Q: In A Pocketful of Rye, a 1953 mystery by Agatha Christie, Lance Fortescue says, “I blued my pocket money, he saved his.” Lance, the son of a wealthy financier, is comparing his handling of money to that of his brother. Do the British still use “blue” the way Americans use “blow”?
A: The slang use of both “blow” and “blue” to mean squander showed up in Britain in the 19th century, though only the profligate “blow” made it across the Atlantic, as far as we can tell.
Is “blue” still used in the UK for that sense? Perhaps, but not very often. We haven’t seen any published examples since the early 1990s.
Oxford Dictionaries Online describes the use of “blue” to mean “squander or recklessly spend” as a “dated, informal” British usage, and gives this example: “It is again time to break open a bottle of bubbly and to blue our money till kingdom comes.”

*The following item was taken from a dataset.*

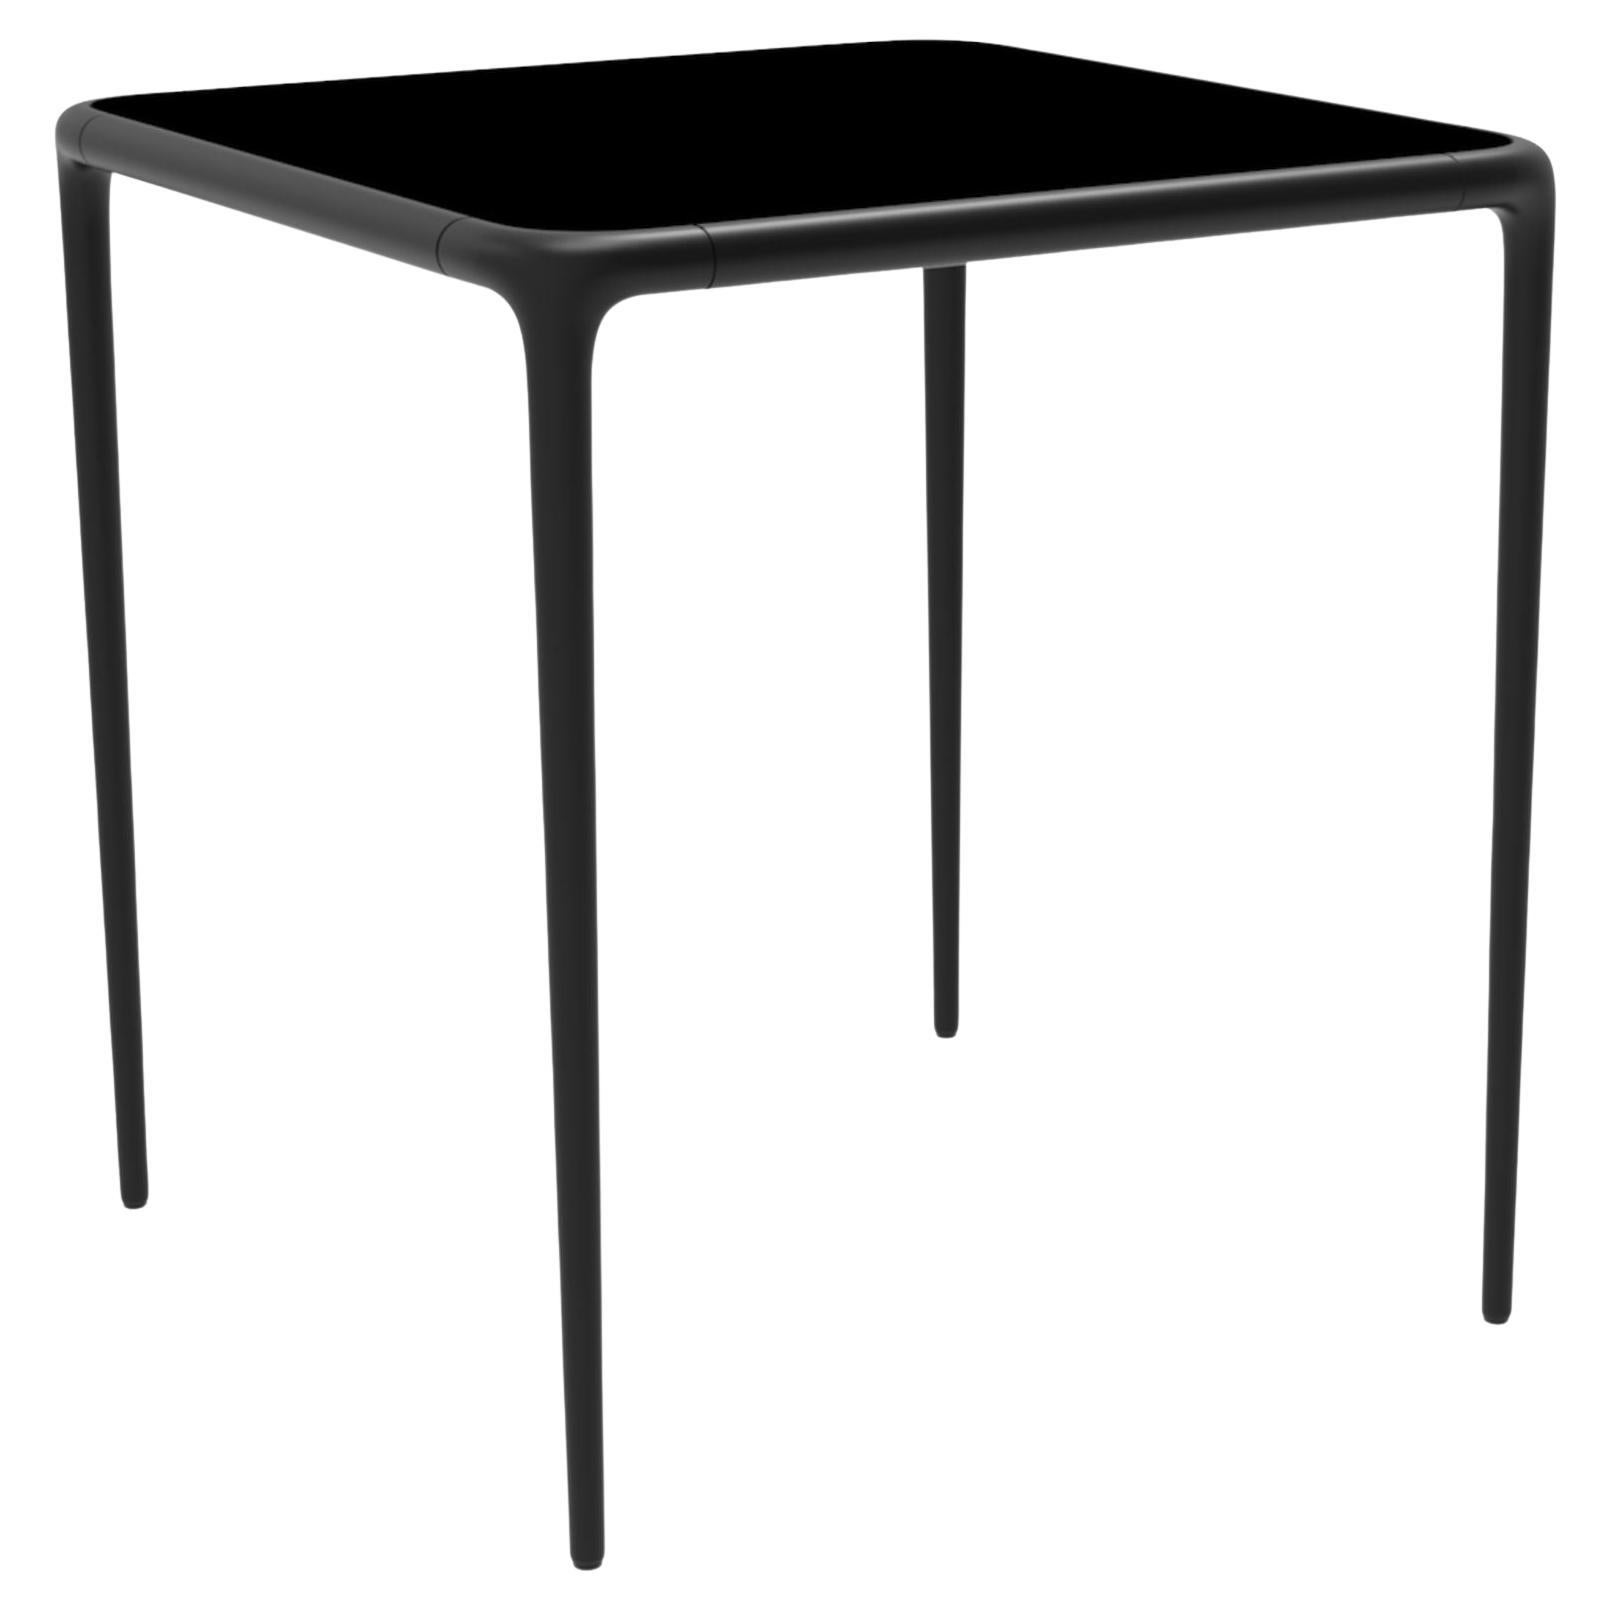 Xaloc Black Glass Top Table 70 by Mowee

The most recent citation in the Oxford English Dictionary is from Arcadia, a 1992 novel by the English writer Jim Crace: “These were the sort of boys who made their cash like tough old men, and blued it all on sweets, and toys, and cigarettes.”
The OED describes the usage as slang of uncertain origin, but speculates that it may have originated as a pun on “blew,” the past tense of “blow.” The dictionary notes, however, that the use of “blue” for squander showed up in writing before “blow” had that slang sense.
The dictionary’s earliest example for “blue” meaning to squander is from The Swell’s Night Guide (1846), by Lord Chief Baron (pseudonym of the actor-writer Renton Nicholson): “The coves … vot we blues a bob or a tanner to see.”
The next citation is from Caste, an 1867 comedy by the English playwright T. W. Robertson: “D’Alroy: ‘So Papa Eccles had the money—’ Sam: ‘And blued it!’ ” (We’ve expanded the citation, based on an early script of the play.)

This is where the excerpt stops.